Unfortunately, this would not even compile as EF has no idea what to do with JsonConvert. We’ll end up having to materialise the query and handle filtering on the client side:

var data = context.WishlistEntries.Select(wle => JsonConvert.DeserializeObject<ItemData>(wle.ItemData))
                                .AsEnumerable()
                                .Where(d => d.Category.Any(c => c.Name == "Connected Home & Housewares"))
                                .ToList();

This will work as expected, and some developers will probably stop here, but this is in fact a time bomb. When our wish lists get big enough, the clients will put a serious strain on SQL Server and the network fetching the whole table in its entirety. Not nice.

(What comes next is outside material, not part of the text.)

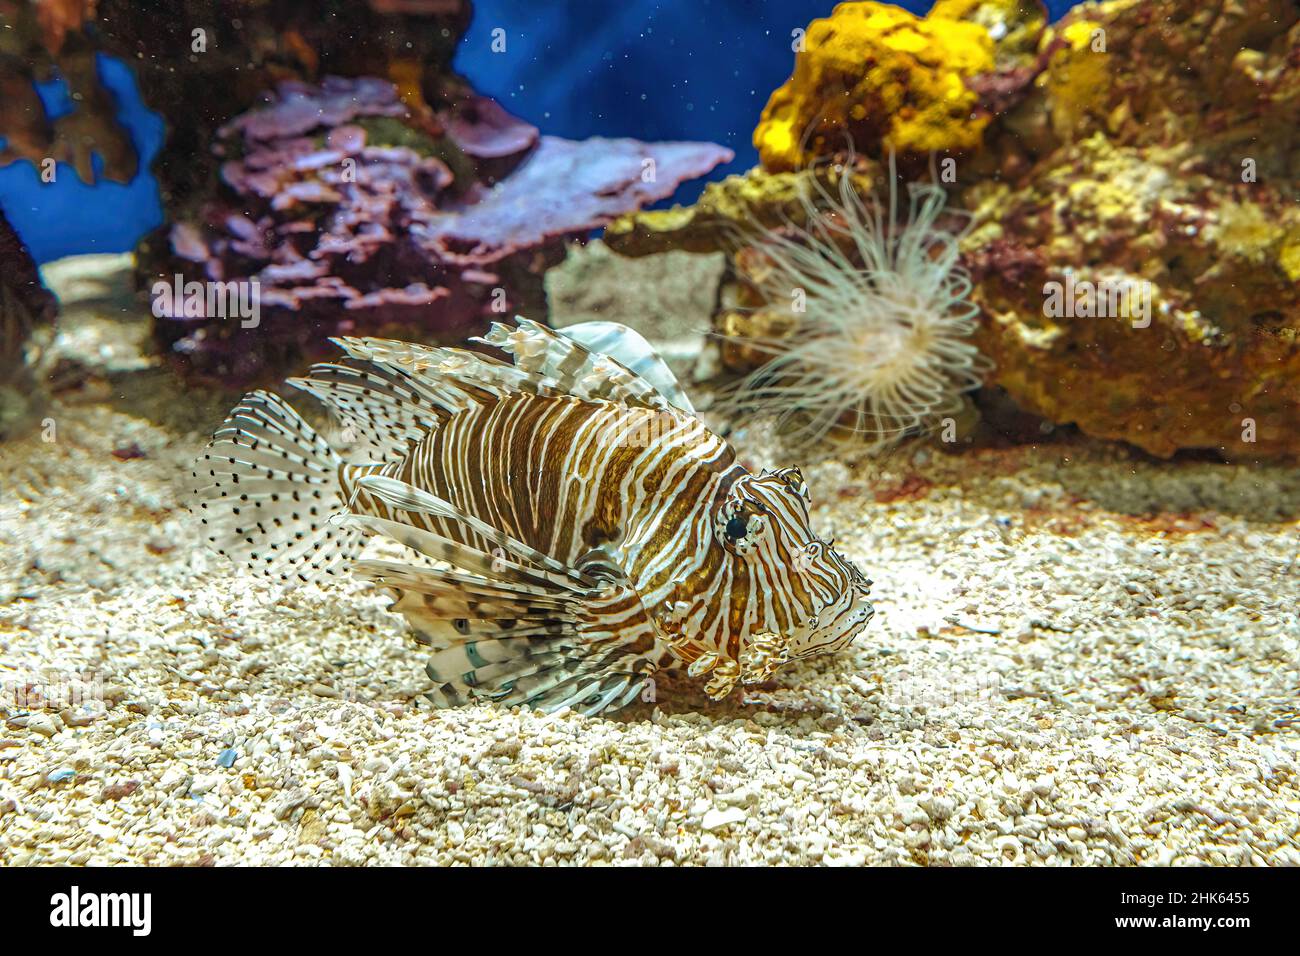 Nahaufnahme eines Lionfisches Aquarium mit giftigen Flossen in Korallentiefe. Giftige Raubfische der Pterois Miles-Arten, die im Indo-Pazifik und in der Region beheimatet sind Stockfoto

Option two – write a Value Converter

Technically this is a variation of the previous option but leveraging EF Core Value Conversion capability for nicer looking query. To enable this, we’ll override OnModelCreating and add a few more lines to DB Context:

class SHDbContext : DbContext
{
	public DbSet<WishlistEntry> WishlistEntries { get; set; }

	protected override void OnConfiguring(DbContextOptionsBuilder optionsBuilder)
	{
		base.OnConfiguring(optionsBuilder);
		optionsBuilder.UseSqlServer(Environment.GetEnvironmentVariable("DB_CONNSTR")).LogTo(Console.WriteLine);
	}

	protected override void OnModelCreating(ModelBuilder modelBuilder)
	{
		base.OnModelCreating(modelBuilder);
		modelBuilder.Entity<WishlistEntry>()
		            .Property(e => e.ItemData)
		            .HasConversion((itemData) => JsonConvert.SerializeObject(itemData), str => JsonConvert.DeserializeObject<ItemData>(str));
	}
}
// ...
// finally, use the new converter like so:
var data = context.WishlistEntries.AsEnumerable().Where(d => d.ItemData.Category.Any(c => c.Name == "Connected Home & Housewares")).ToList();
 // also not ideal as we still have to filter on client side, effectively scanning all tabl

This simply shifts the JSON conversion code up the food chain, so developers won’t see it often. Unfortunately, this “out of sight – out of mind” approach won’t improve our query plan.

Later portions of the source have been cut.